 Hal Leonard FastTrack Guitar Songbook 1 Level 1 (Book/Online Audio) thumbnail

※

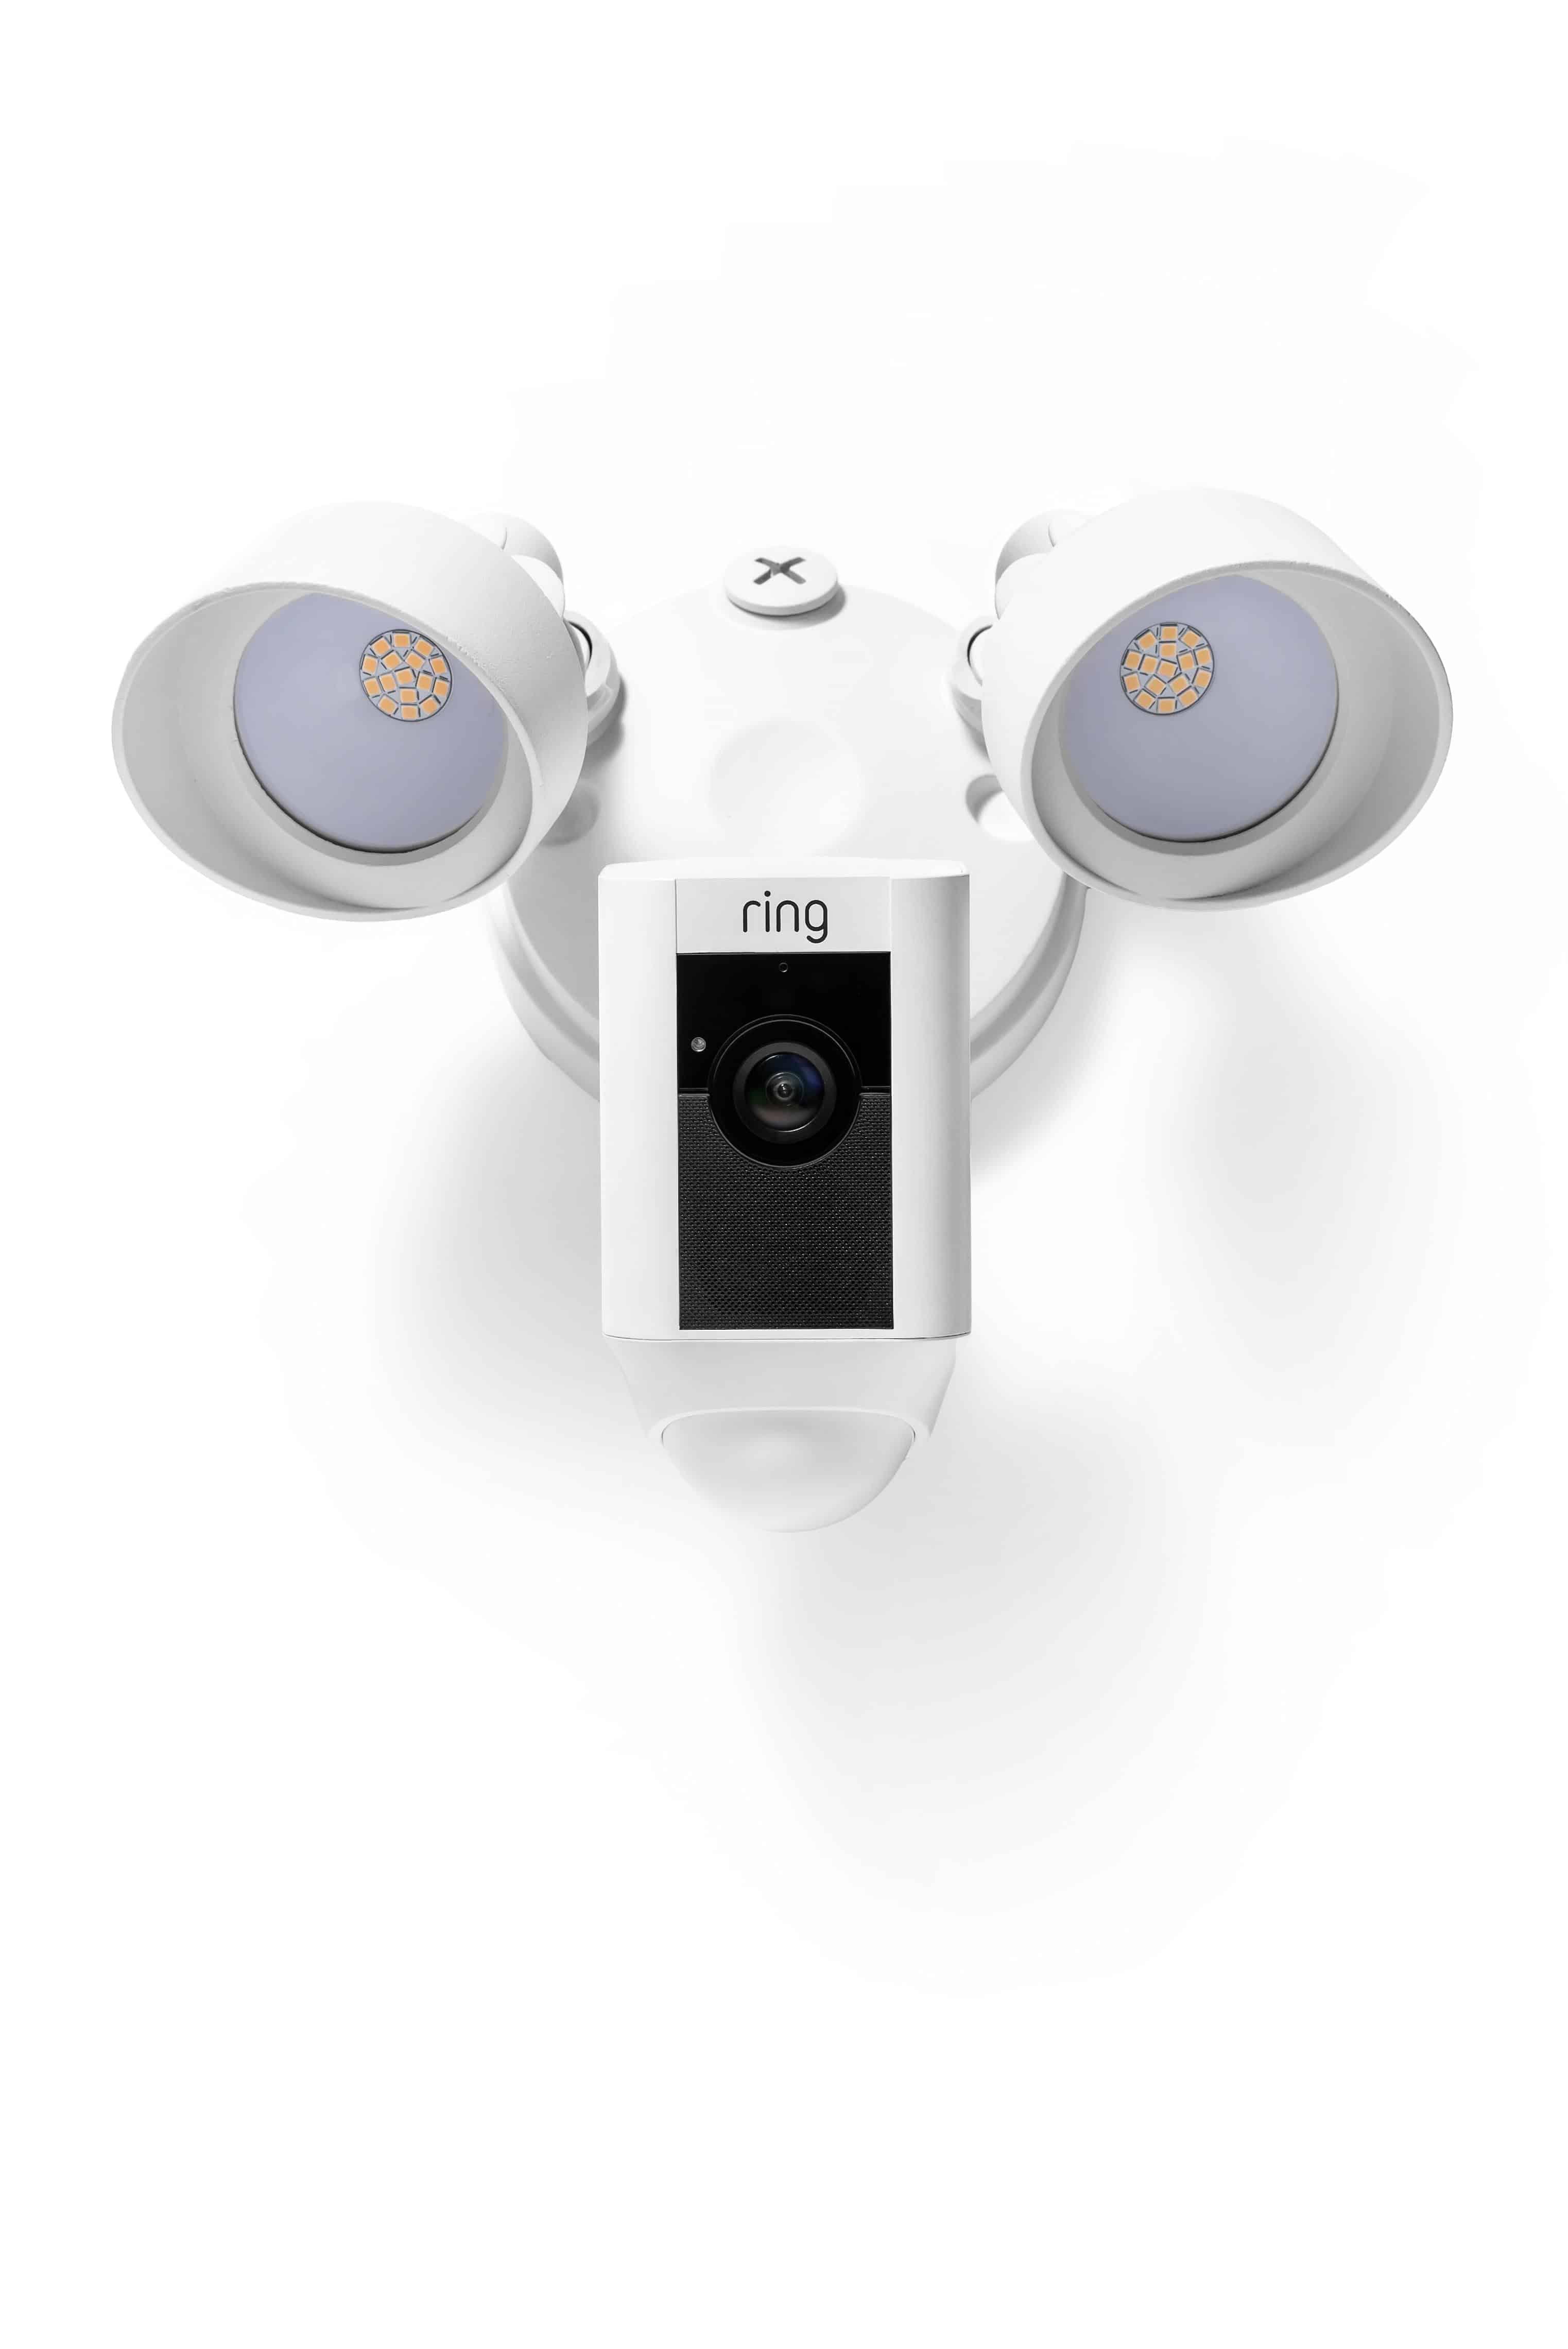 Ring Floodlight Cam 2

※

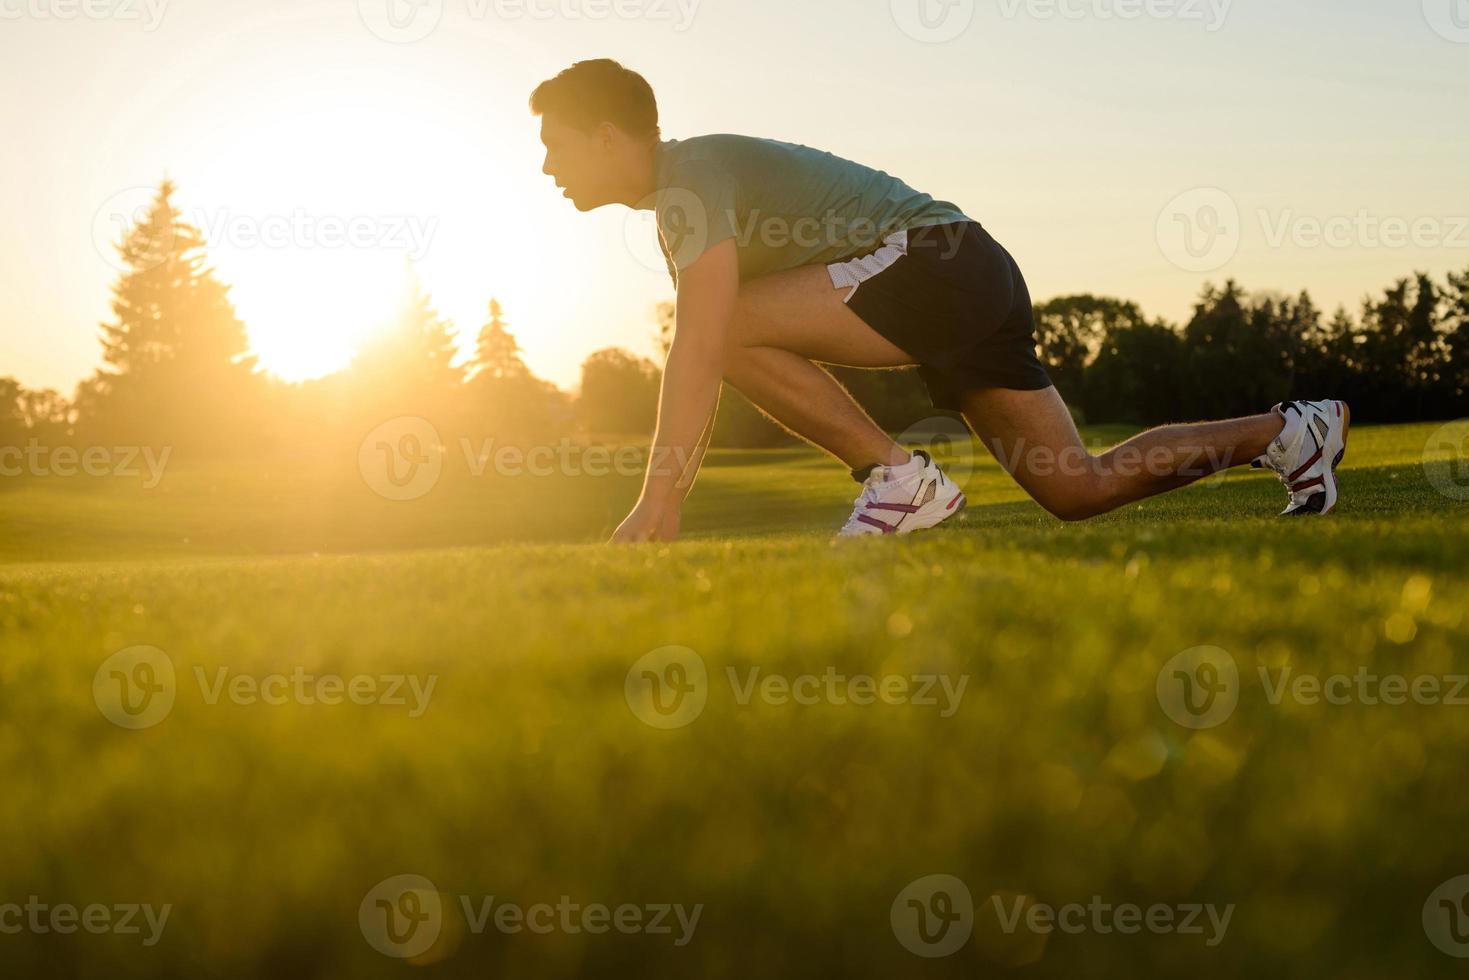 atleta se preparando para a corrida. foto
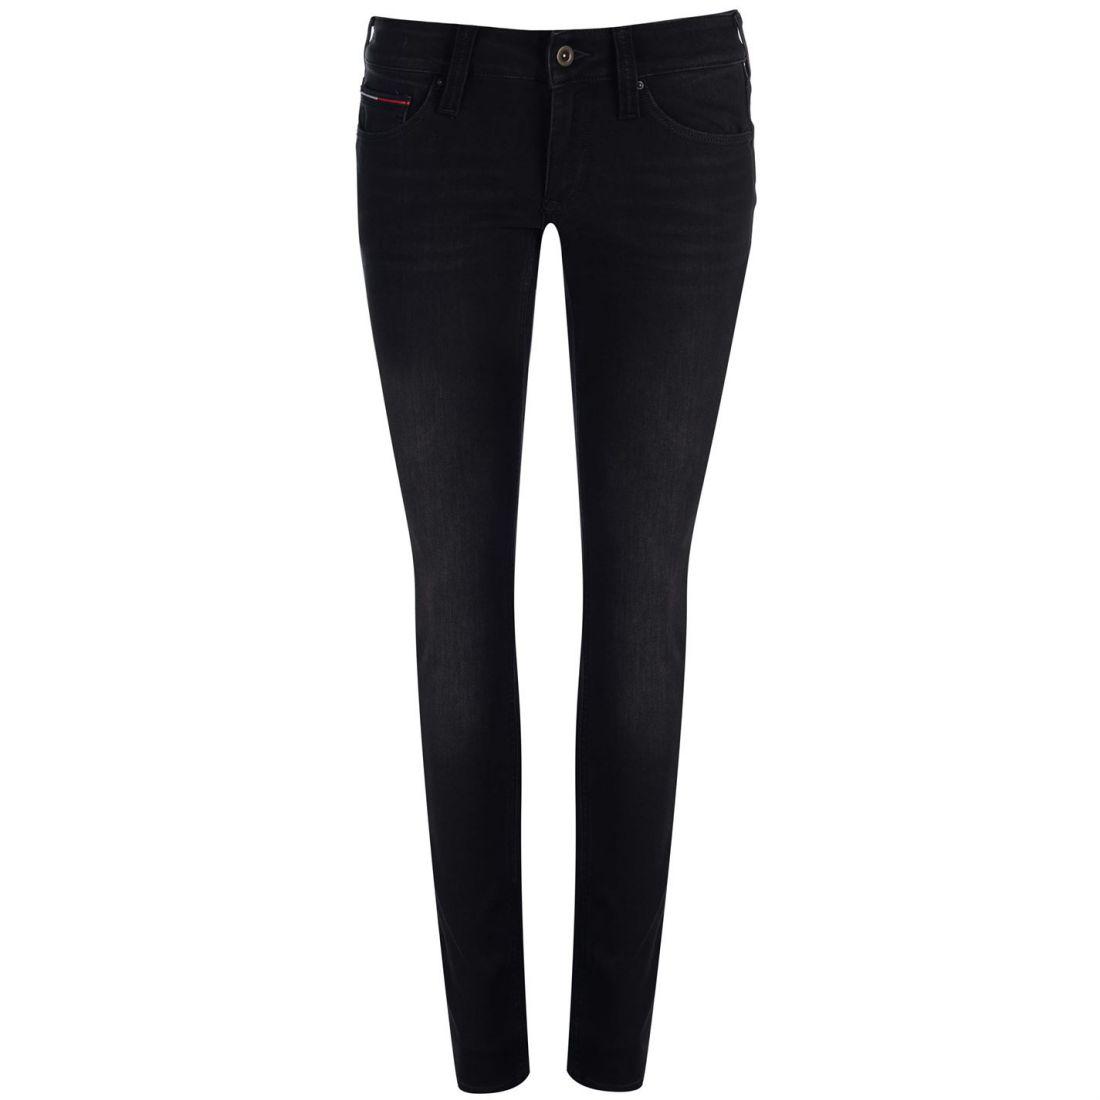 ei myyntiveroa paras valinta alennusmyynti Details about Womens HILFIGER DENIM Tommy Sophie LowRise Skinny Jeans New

※

_Task details_
From the records above, return exactly the lines running from the one that contains "atleta se preparando para a corrida. foto" down to the one that contains "ei myyntiveroa paras", both included, without any pictures.

_Response to this task_
 atleta se preparando para a corrida. foto
 ei myyntiveroa paras valinta alennusmyynti Details about Womens HILFIGER DENIM Tommy Sophie LowRise Skinny Jeans New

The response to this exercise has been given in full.